- [Work task]: The answer should be the exact lines from the line containing "LUCERNE, SWITZERLAND - MARCH" through the last line of the material below, with no pictures.

- [Supplied information]:
□ □ □
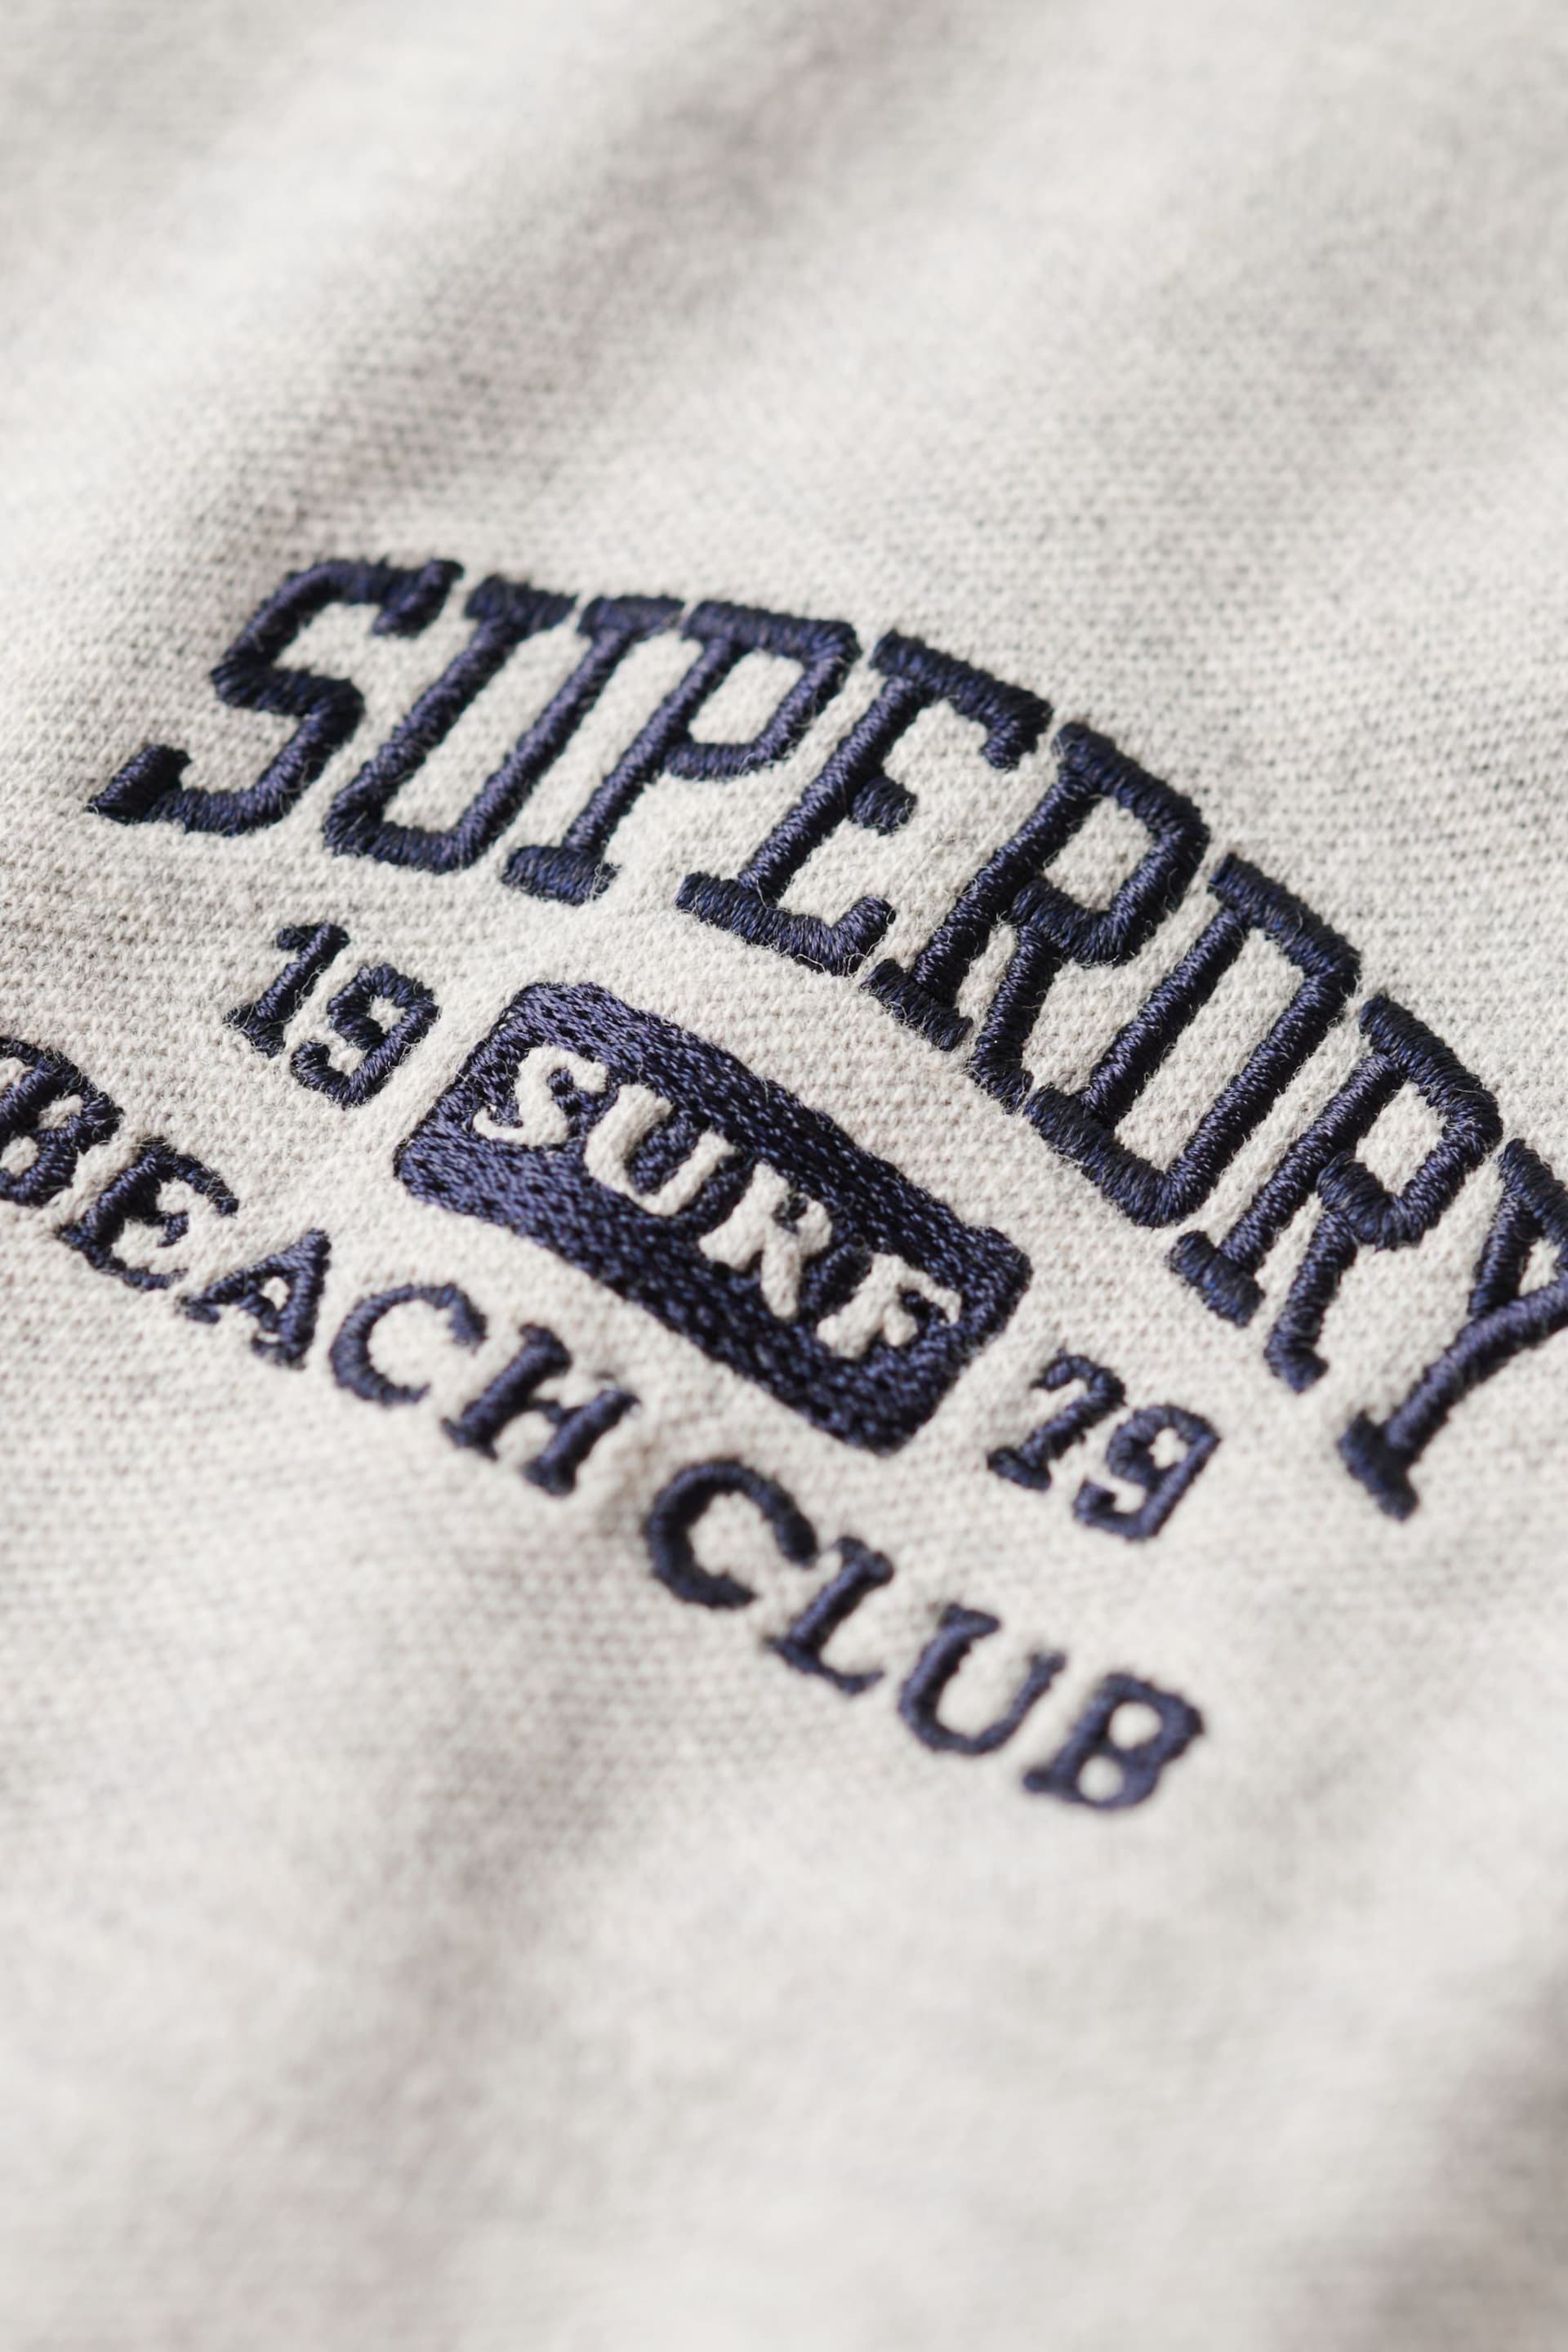 SUPERDRY Grey SUPERDRY 90s Fitted Polo Shirt - Image 5 of 6
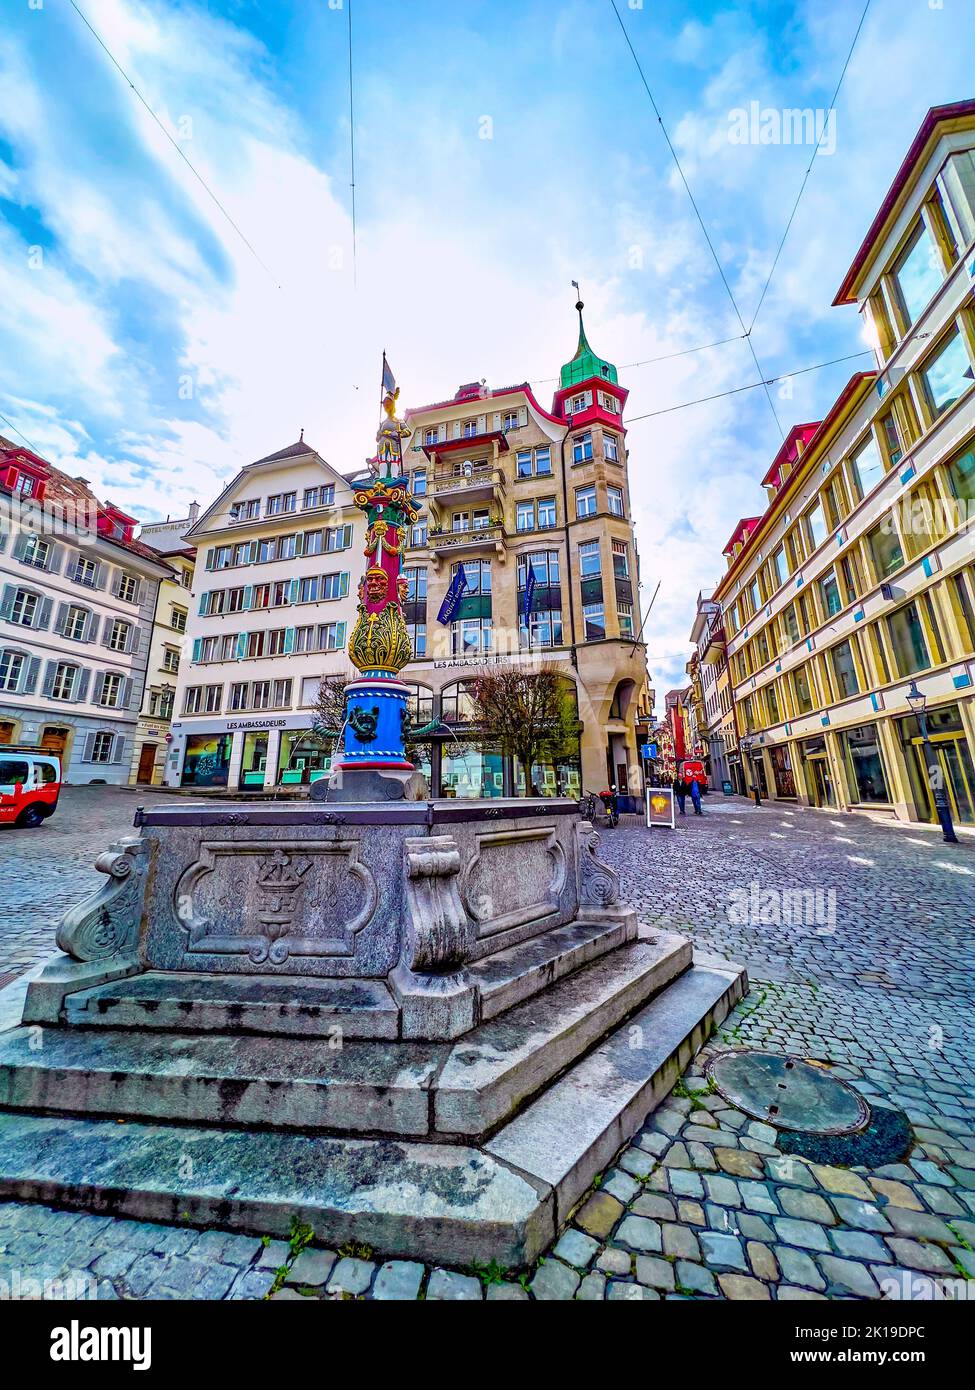 LUCERNE, SWITZERLAND - MARCH 30, 2022: Historical colorful Fritschi Fountain in the middle of Kapellplatz, on March 30 in Lucerne, Switzerland Stock Photo
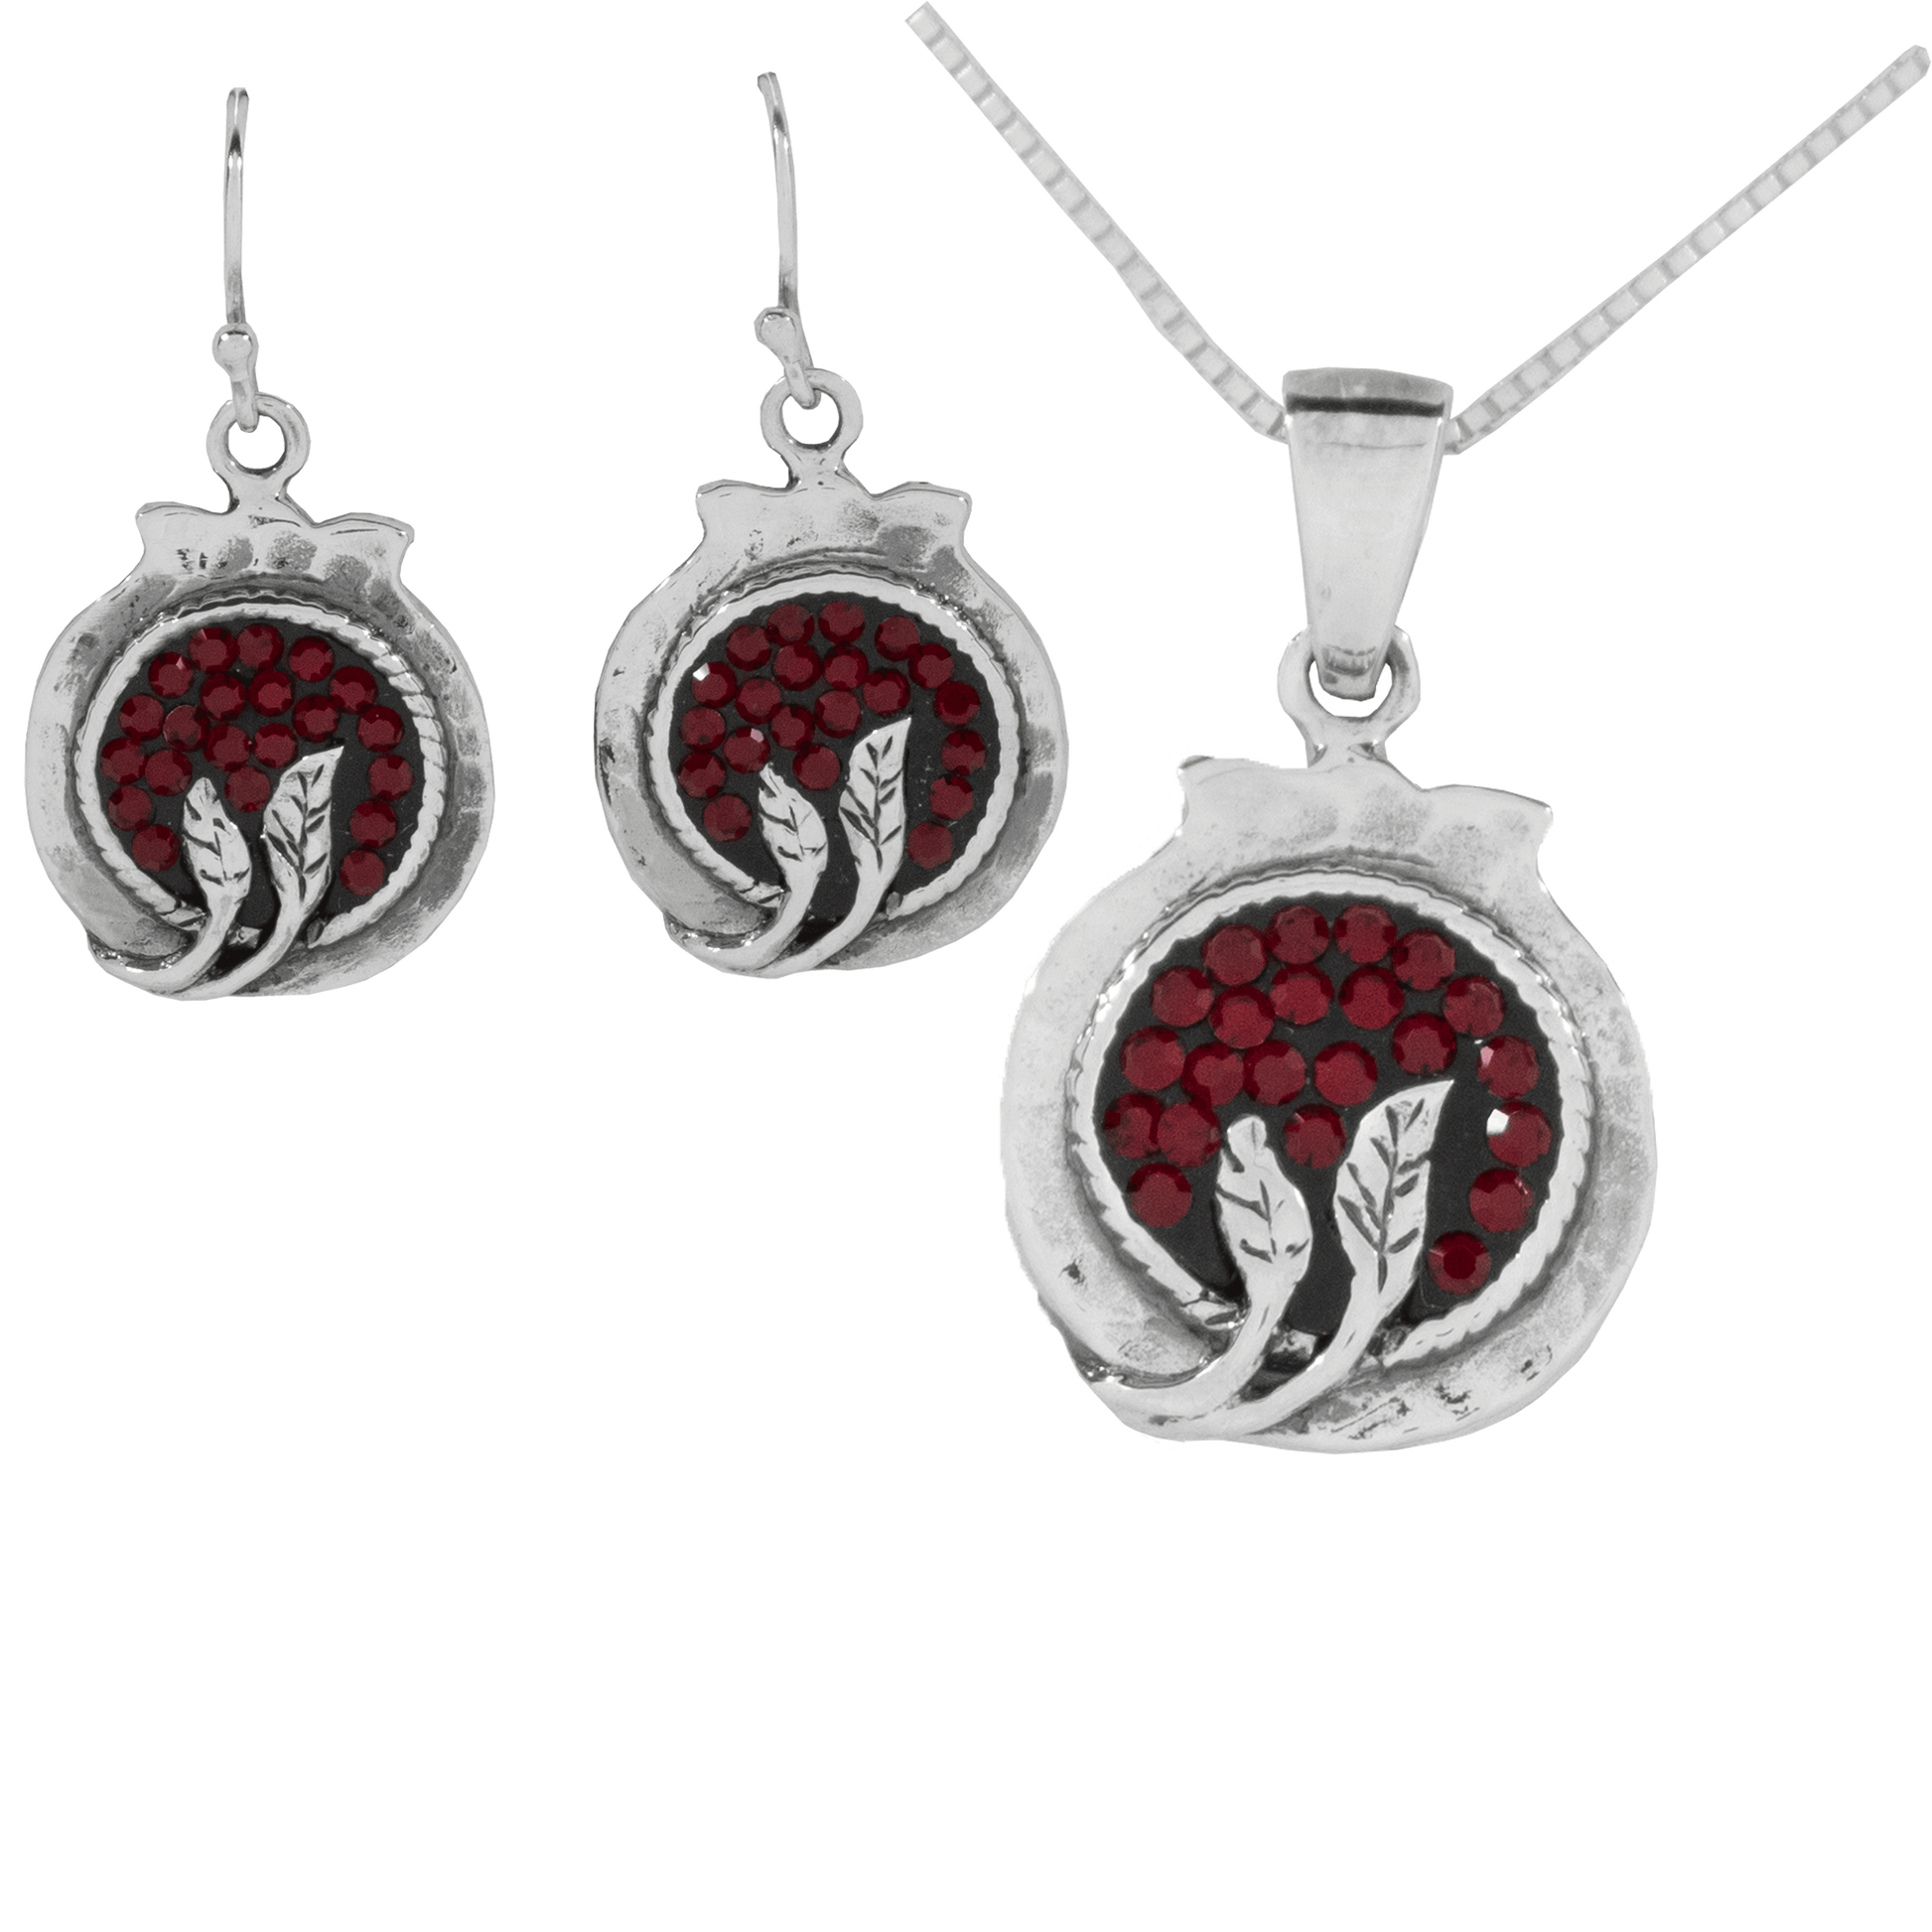 Sterling Silver Pomegranate Pendant and Earring Set with red Swaravski Crystals and decorative leaves at the bottom
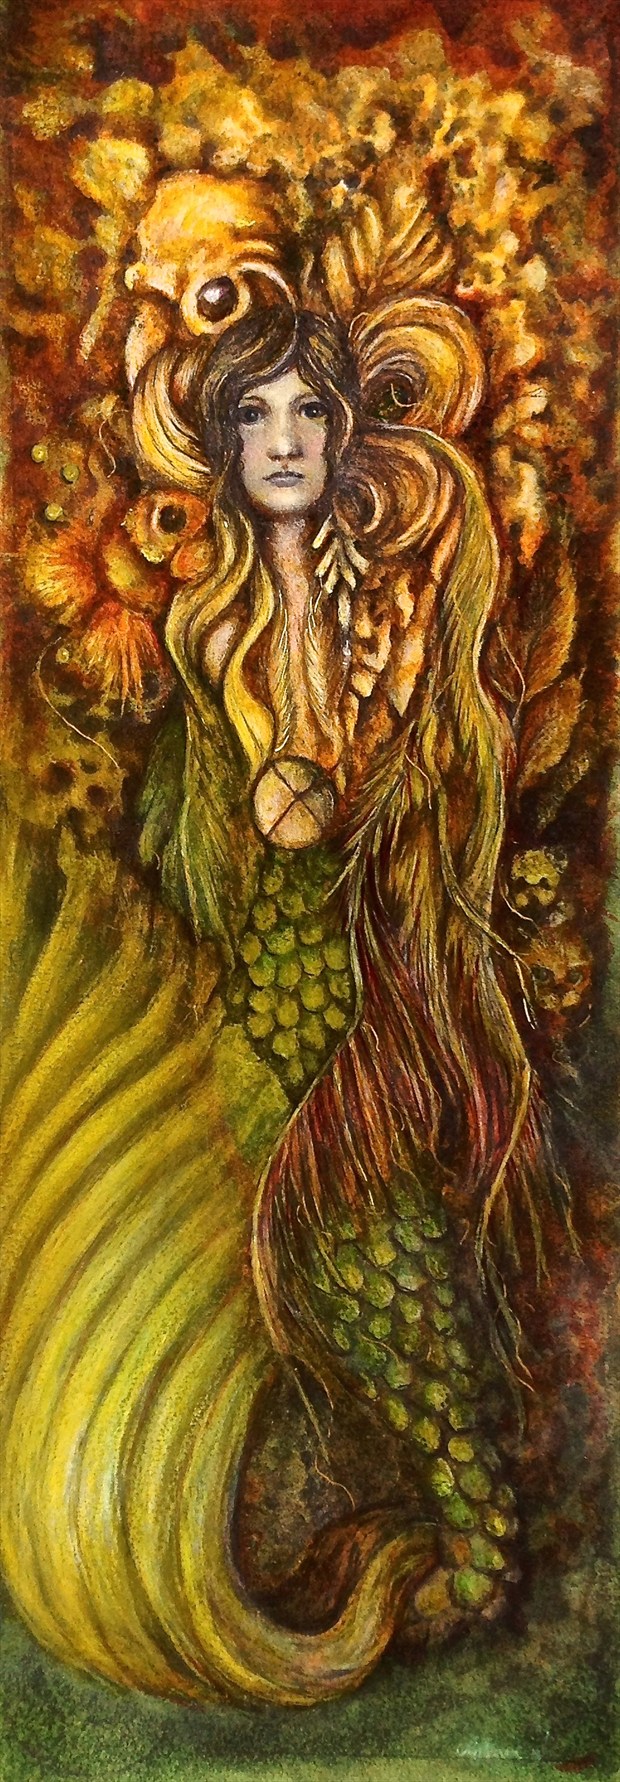 Mermaid Who Could Fly Surreal Artwork by Artist Lalena Lamson
□ □ □
- [Expected answer]:
 LUCERNE, SWITZERLAND - MARCH 30, 2022: Historical colorful Fritschi Fountain in the middle of Kapellplatz, on March 30 in Lucerne, Switzerland Stock Photo
 Sterling Silver Pomegranate Pendant and Earring Set with red Swaravski Crystals and decorative leaves at the bottom
 Mermaid Who Could Fly Surreal Artwork by Artist Lalena Lamson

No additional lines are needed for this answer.